I wonder: Will Frances Bean’s friends – or children – eventually find Cobain’s ravings as quaint as an early Beatles record? Will critics decades from now view them as overrated, repetitive, limited? Somehow I doubt it. But at least I’m on track to find out.

And so is Grohl, who I believe has blossomed through tenacity and genuine talent into a significant figure in his own right. His music is his own; it may never be as startling or groundbreaking as Cobain’s, and it will never be as volatile – but it’s every bit the complete embodiment of who he is as Nirvana’s stuff was for Cobain.

Yet Grohl has changed while Cobain has remained frozen in time. He has developed into a savvy singer-songwriter, one who manages to be commercially viable without sacrificing street credibility.

Yet, though I can’t think of an album of his I wouldn’t gladly play right now, he’s nonetheless a comfortable rock star for a too-comfortable age. His idea of challenging himself: Cut a double album (half-hard, half-soft), then tour likewise, eventually issuing an acoustic memento – “Skin and Bones,” which perhaps not coincidentally also arrived last week.

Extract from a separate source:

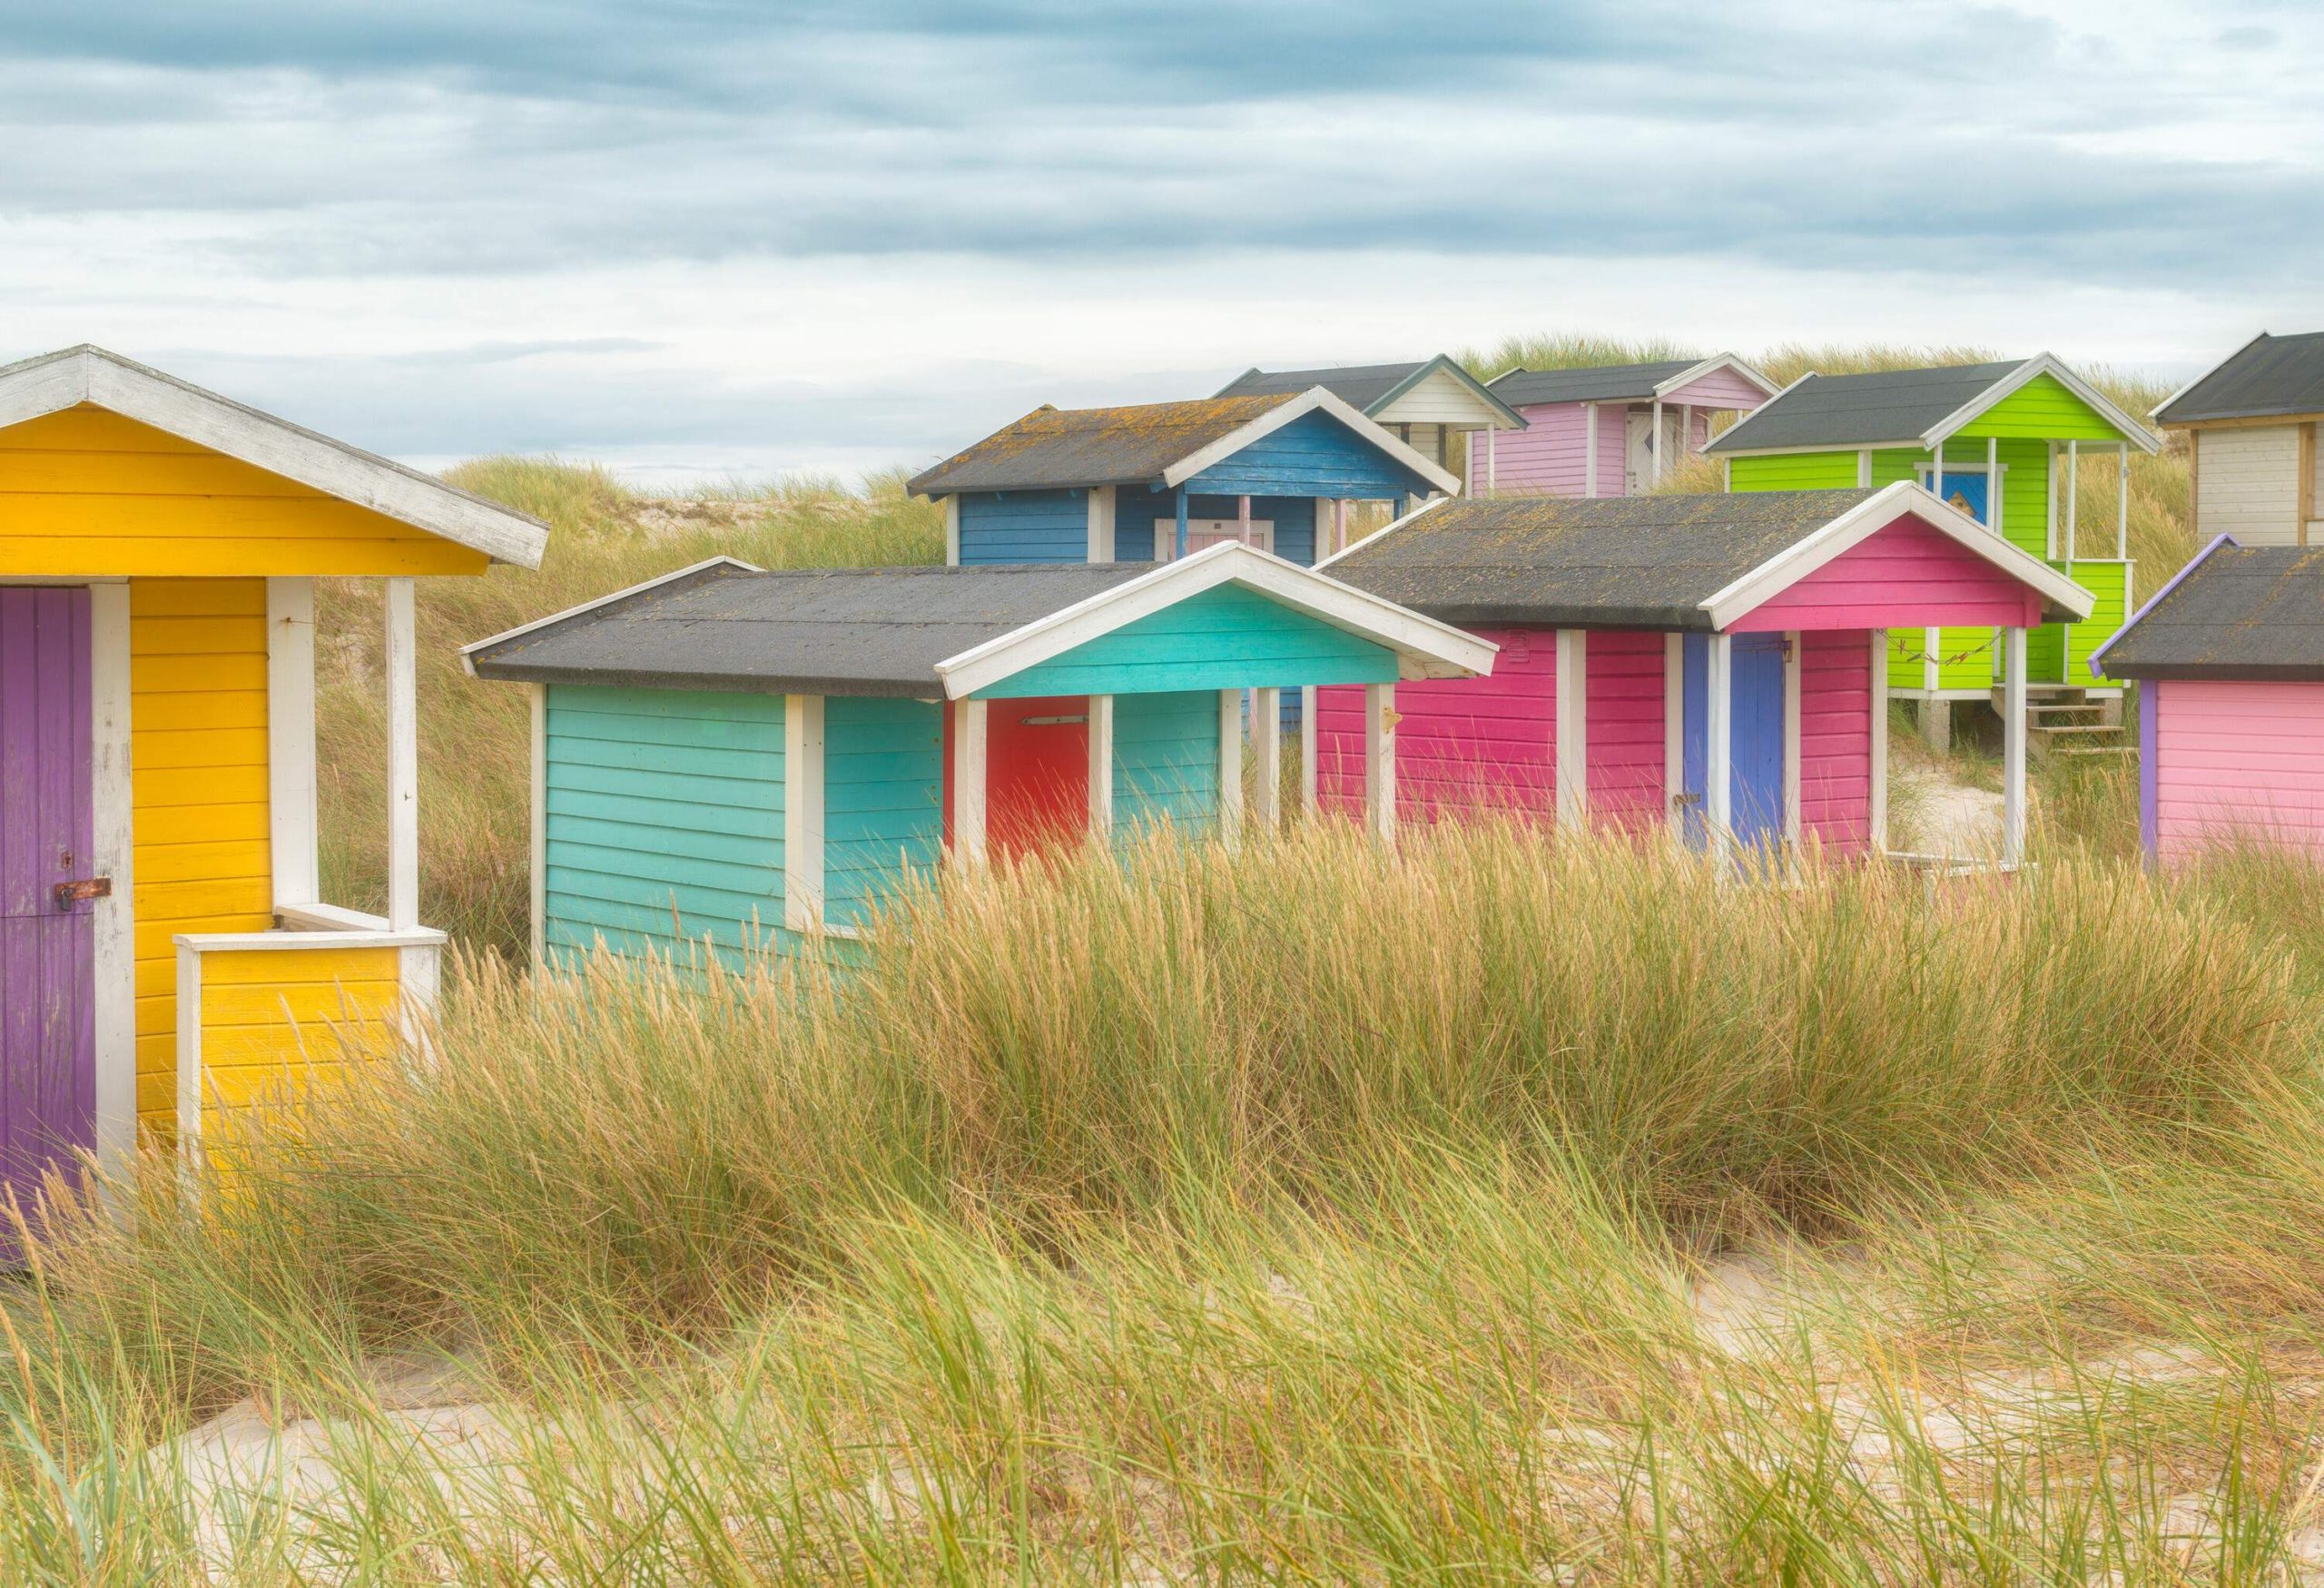 Brightly coloured wooden cabins scattered across a grassy beach.

Bad timing, if you ask me. Taken alongside Nirvana at its most explosive, the magnificent Foo Fighters show I saw at the Pantages (which this new live album replicates) is paler than Rose McGowan.

It’s also hard to avoid comparing “Skin and Bones” to Nirvana’s “MTV Unplugged,” another broken link in the band’s chain that needs fixing. That might be why it’s taken so long for Grohl to tread in this terrain, apart from his acoustic “Everlong.” He knows he’s got stiff competition.

Robert Christgau has a great line on “Unplugged”: “The vocal performance (Cobain) evokes is John Lennon’s on ‘Plastic Ono Band.’ And he did it in one take.” Grohl has been honing his “Skin and Bones” all year – and now, with its humanizing between-song banter (including Dave’s tale of moving in with Kurt) edited out, it sparkles and soothes and slouches from too much rehearsal like any other piece of major-label product from a beloved modern-rock band.

Bet I come to love it sometime next year, when I don’t have Cobain on the brain. For now, I’m just filing it away with my Weezer outtakes.